* Task to complete: Pictures do not belong in the copy. Output exactly the lines from the one containing "adidas Originals CAMPUS" to the end of the listing below.

* Collected data:
####################
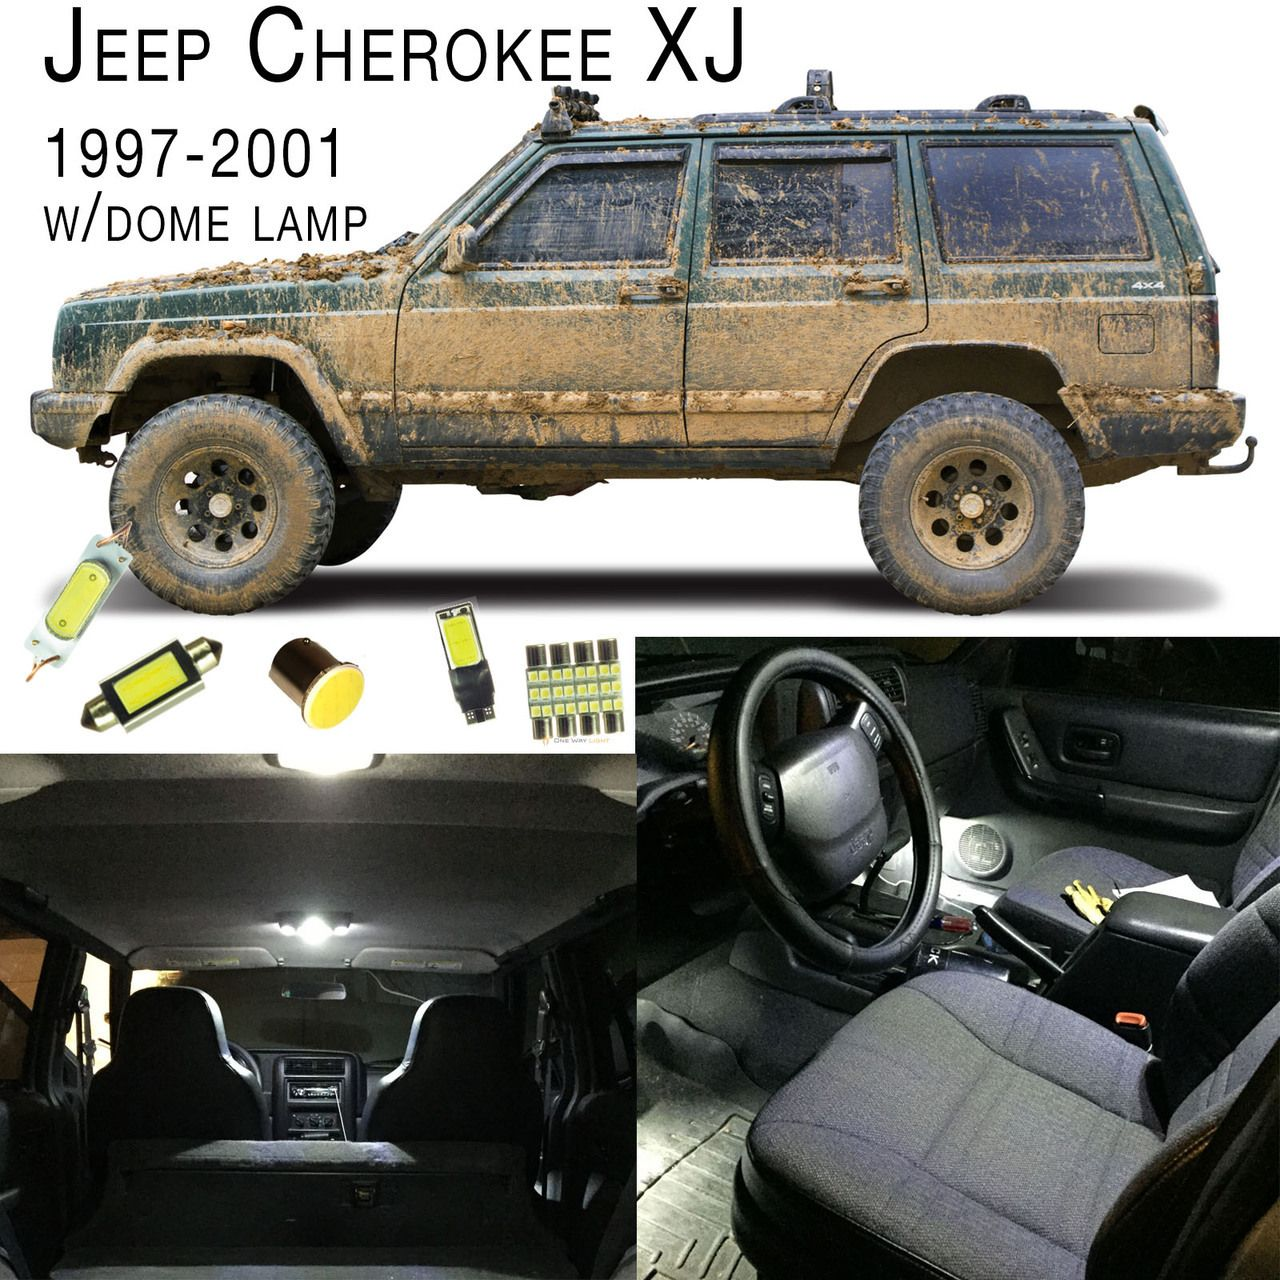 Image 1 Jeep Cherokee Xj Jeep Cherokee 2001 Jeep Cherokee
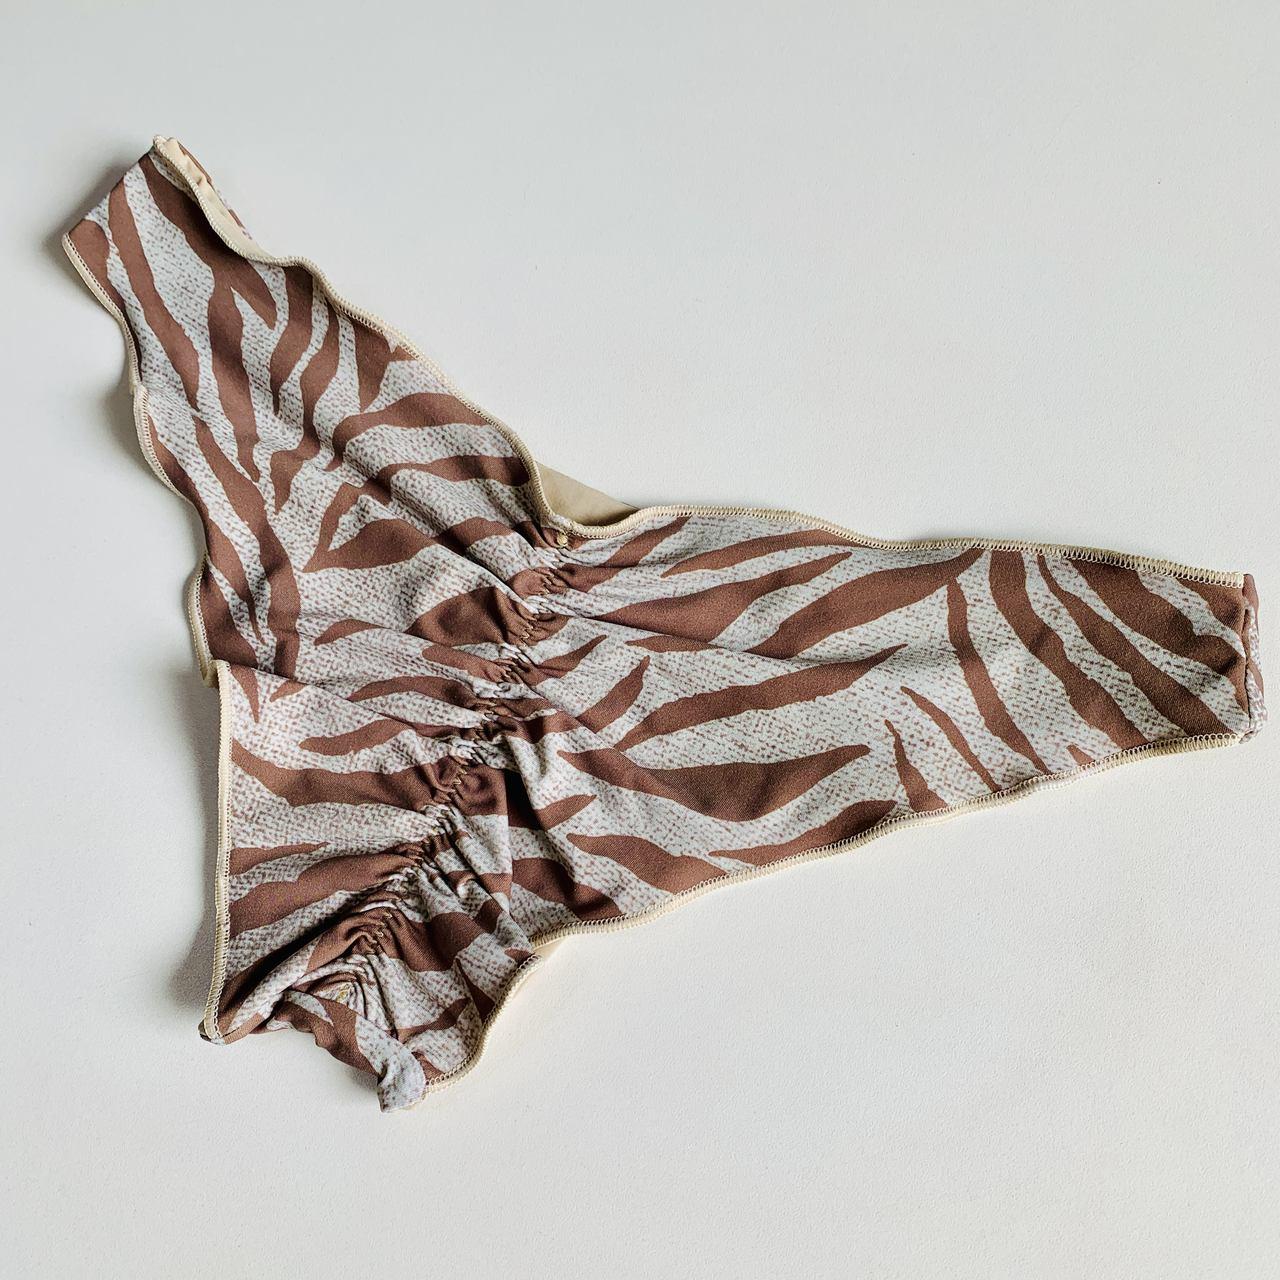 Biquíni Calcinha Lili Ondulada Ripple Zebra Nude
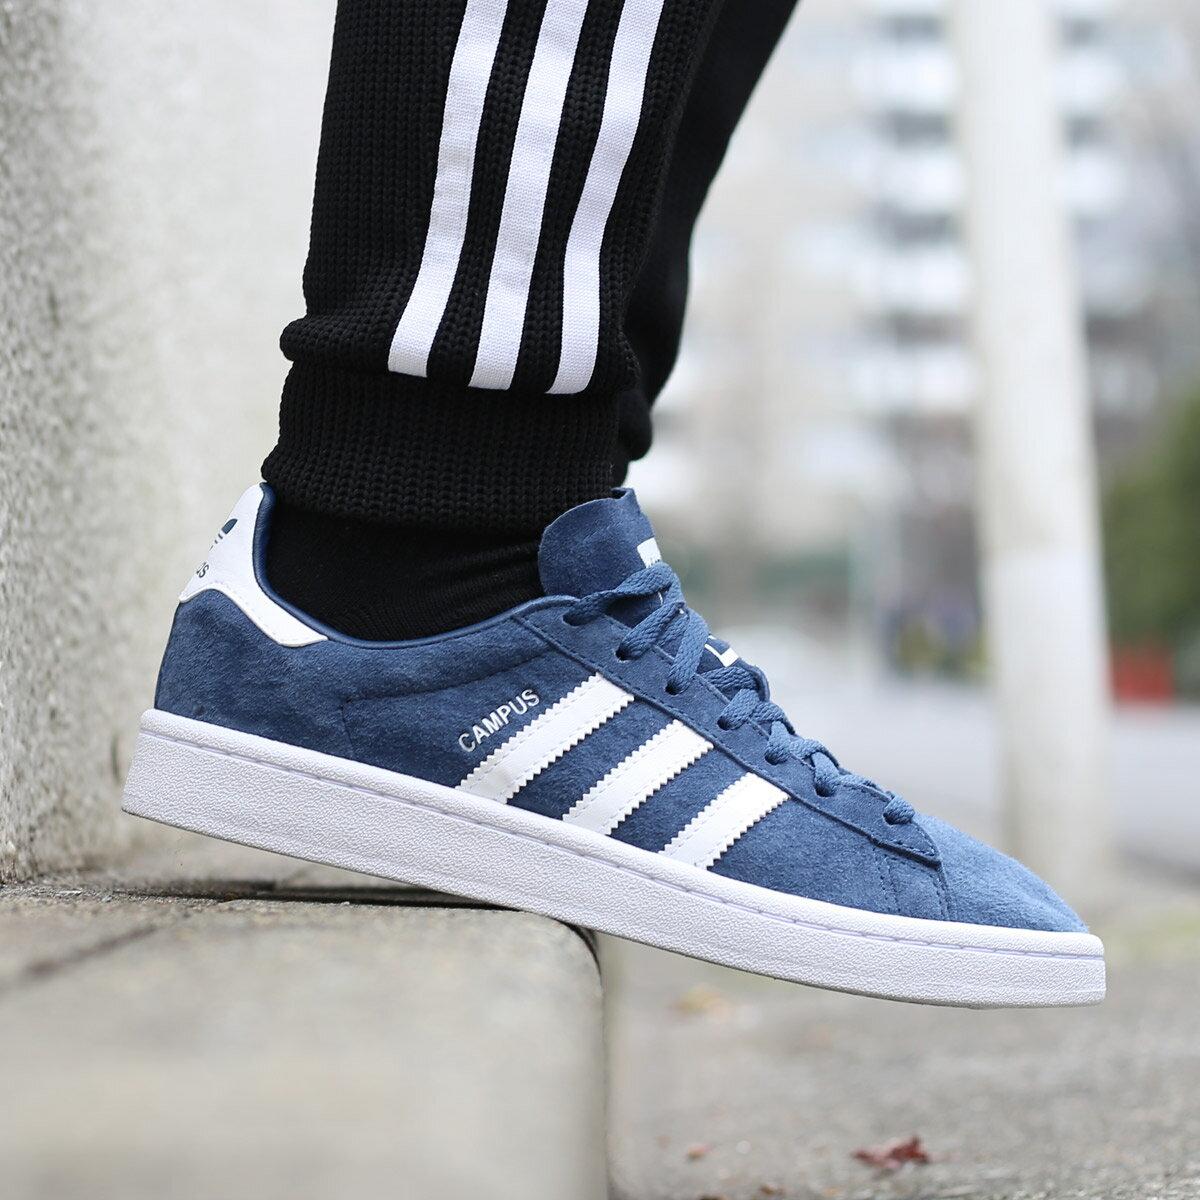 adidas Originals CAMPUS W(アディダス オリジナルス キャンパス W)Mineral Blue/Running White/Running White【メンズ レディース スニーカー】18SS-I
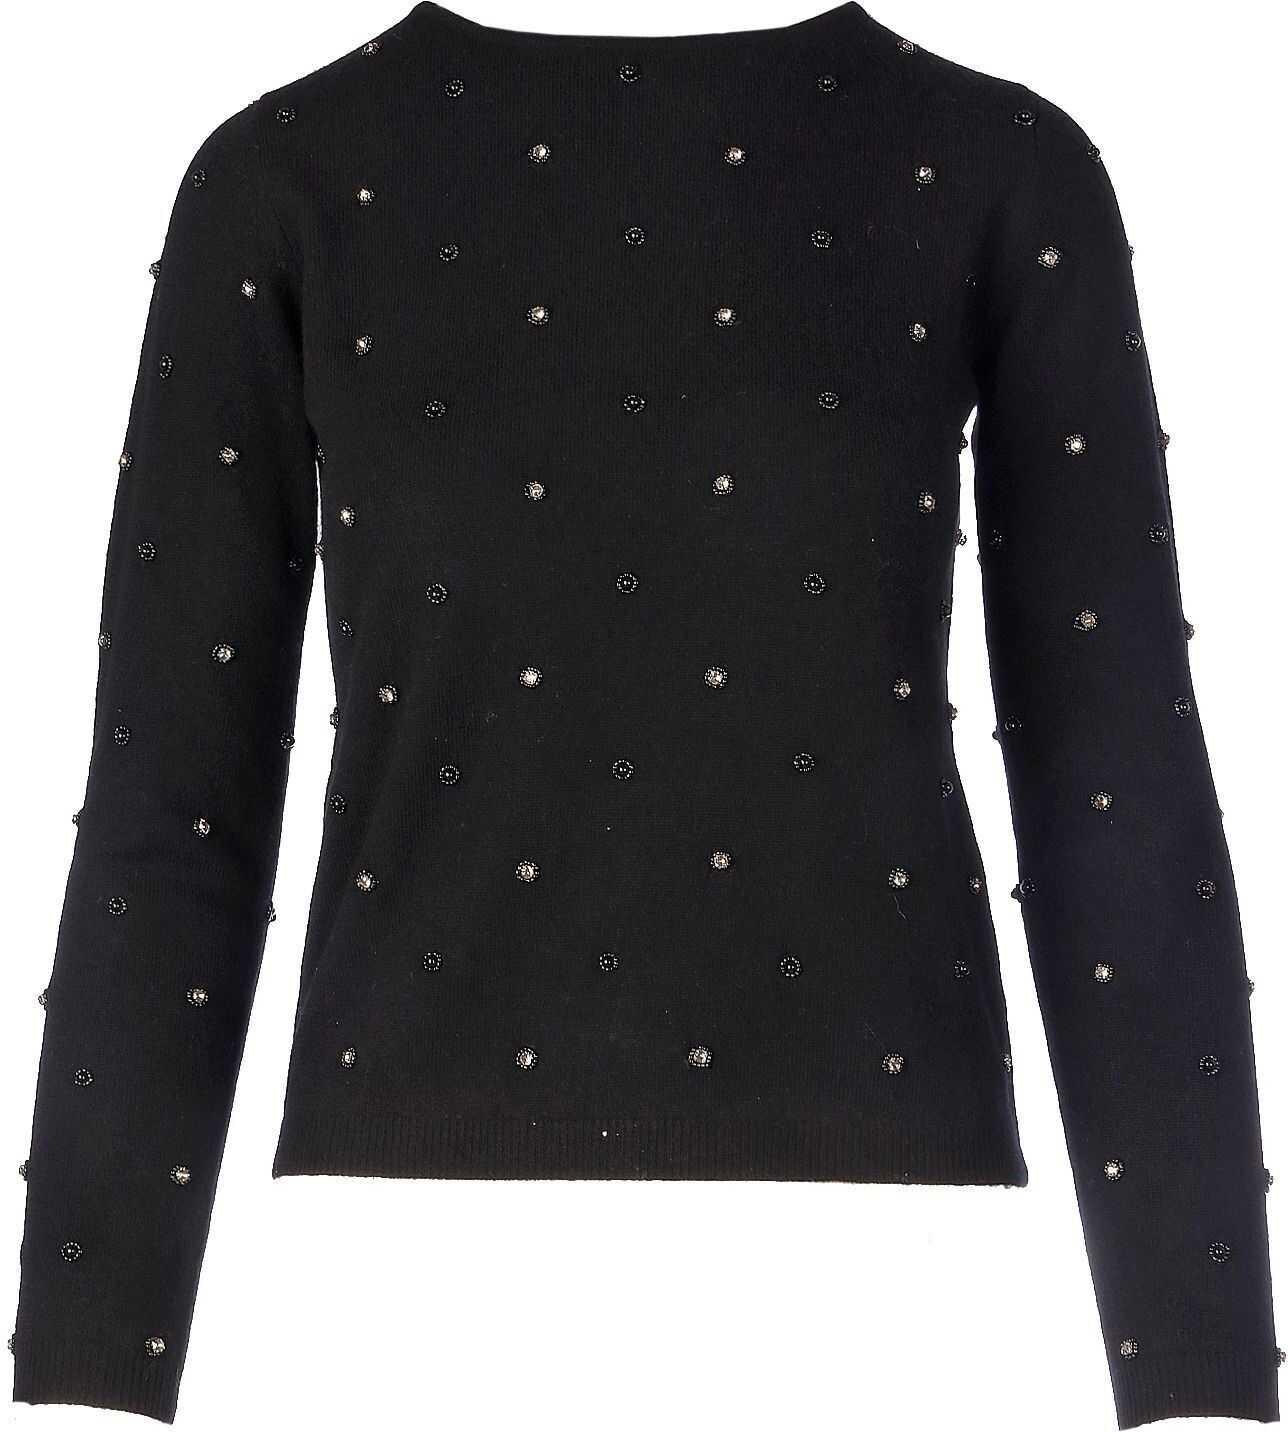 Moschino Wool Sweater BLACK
####################
* Task solution:
 adidas Originals CAMPUS W(アディダス オリジナルス キャンパス W)Mineral Blue/Running White/Running White【メンズ レディース スニーカー】18SS-I
 Moschino Wool Sweater BLACK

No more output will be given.